• [RECORDED INFORMATION]
Segment Open

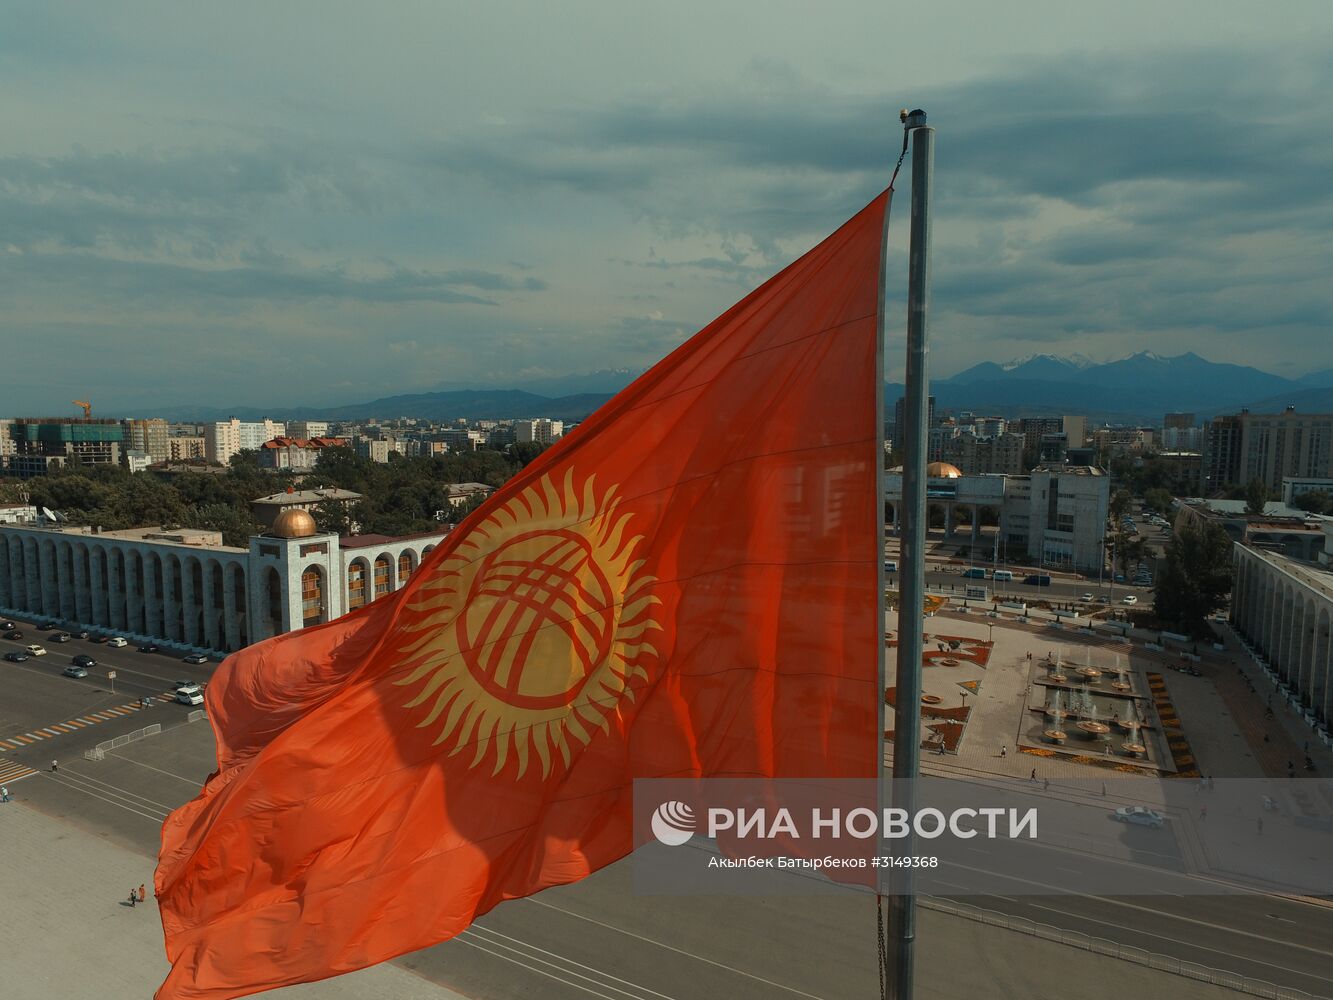 Виды Бишкека
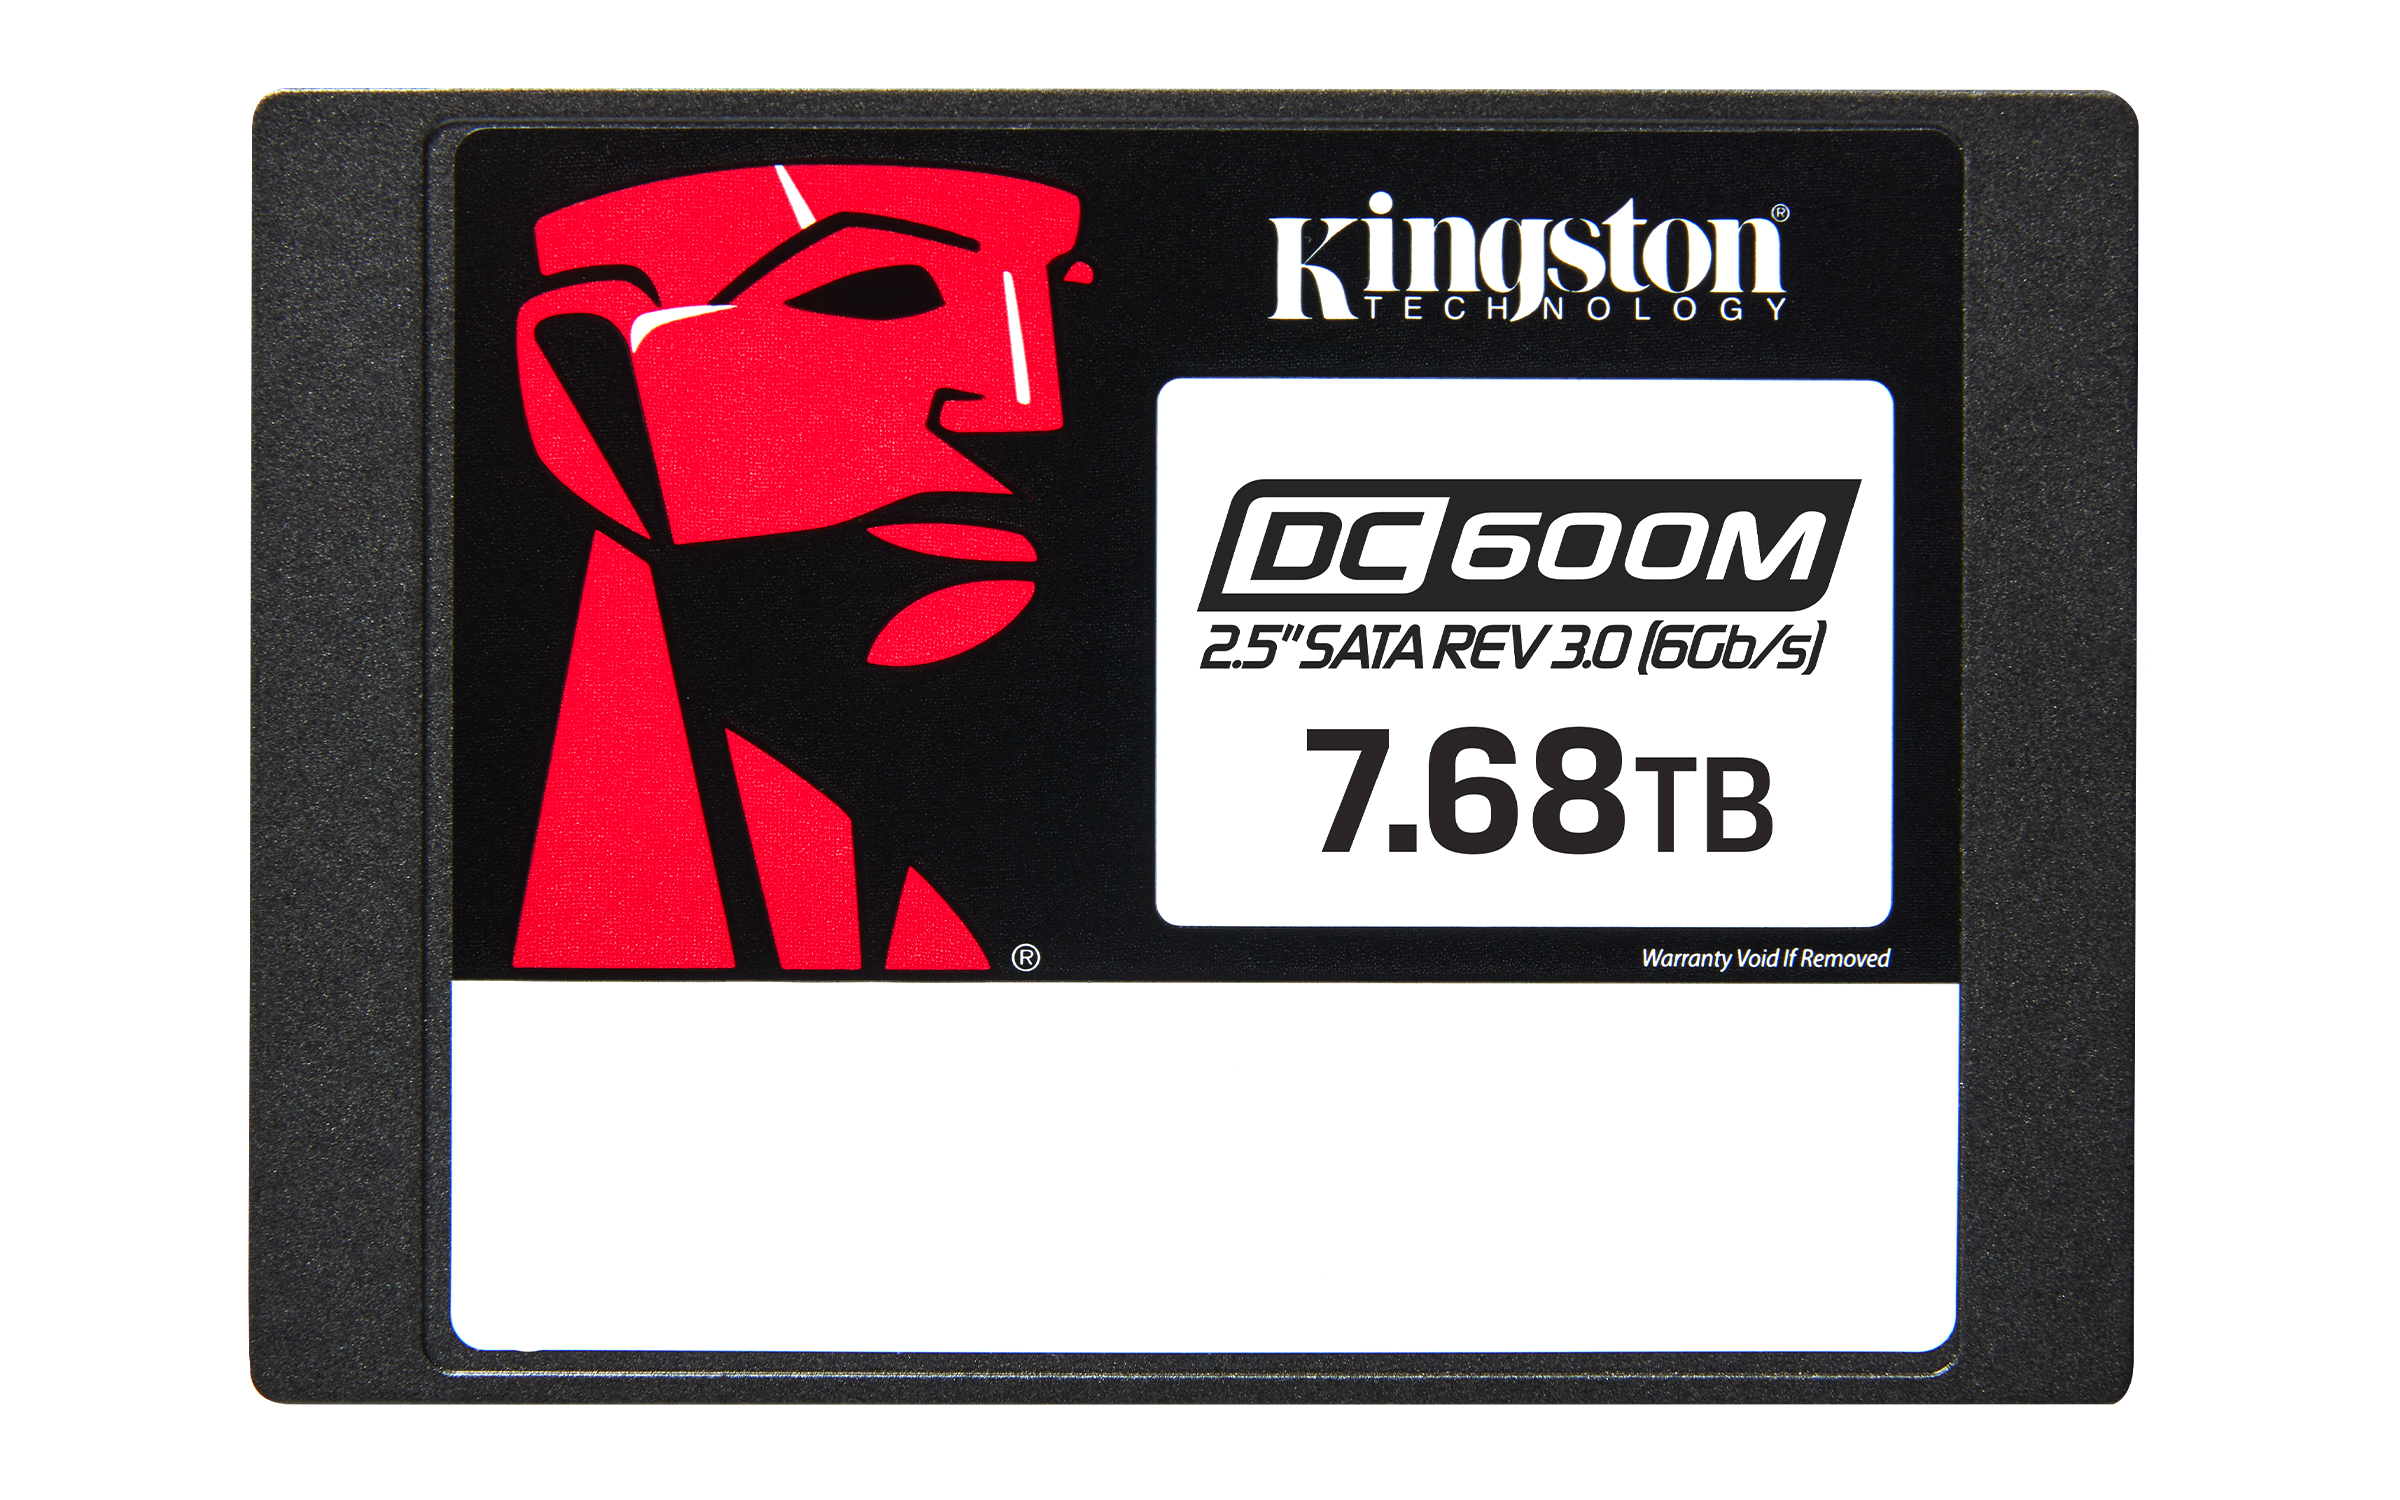 Kingston DC600M Enterprise SSD
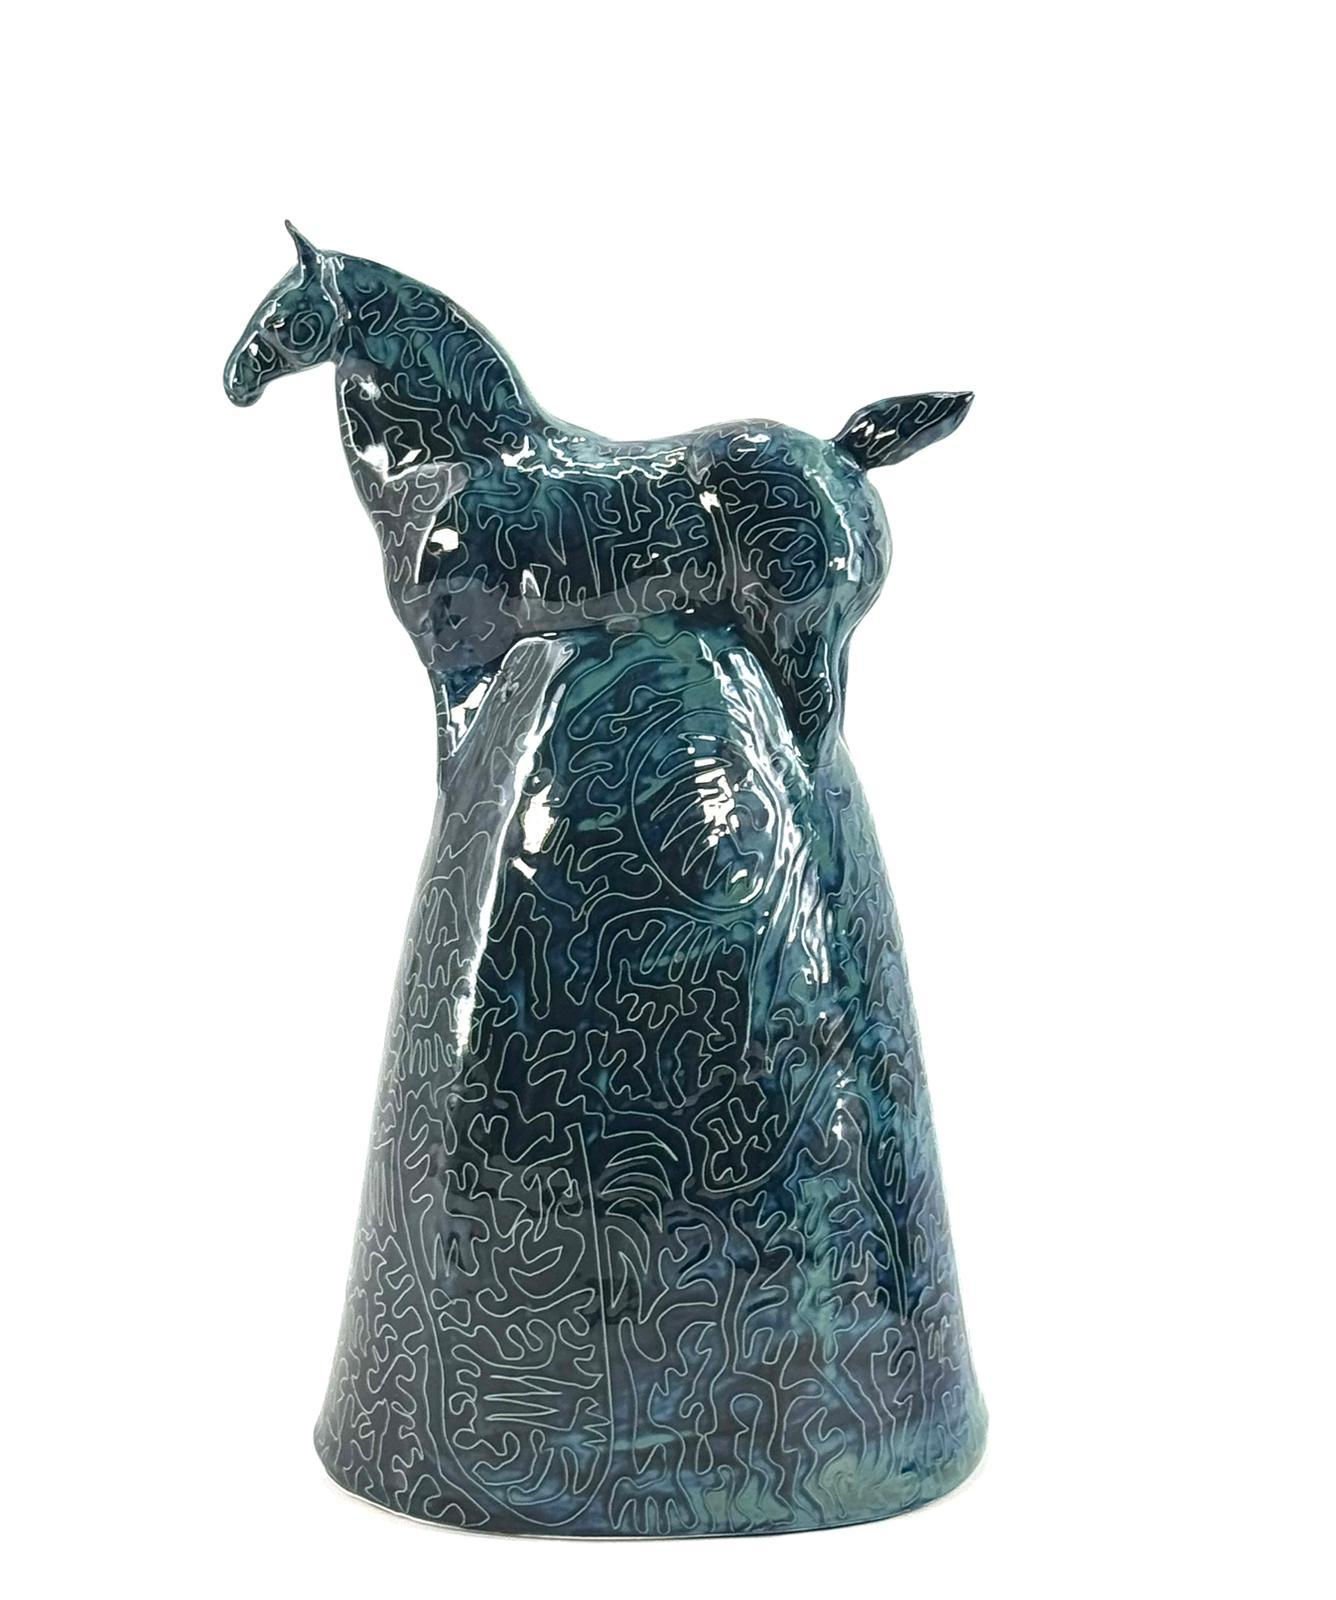 Das Stück ist eine einzigartige Darstellung eines Pferdes in einer modernen Form. Das Tier wird in behutsamer Handarbeit aus Ton hergestellt und von Hand bearbeitet. Alle Stücke von Mosche Bianche sind einzigartig, da sie ohne jegliche Form

Segment Closed

• [ASSIGNMENT] Exact copy, no pictures: reproduce the whole listing above.

• [COMPLETED TASK]
 Виды Бишкека
 Kingston DC600M Enterprise SSD
 Das Stück ist eine einzigartige Darstellung eines Pferdes in einer modernen Form. Das Tier wird in behutsamer Handarbeit aus Ton hergestellt und von Hand bearbeitet. Alle Stücke von Mosche Bianche sind einzigartig, da sie ohne jegliche Form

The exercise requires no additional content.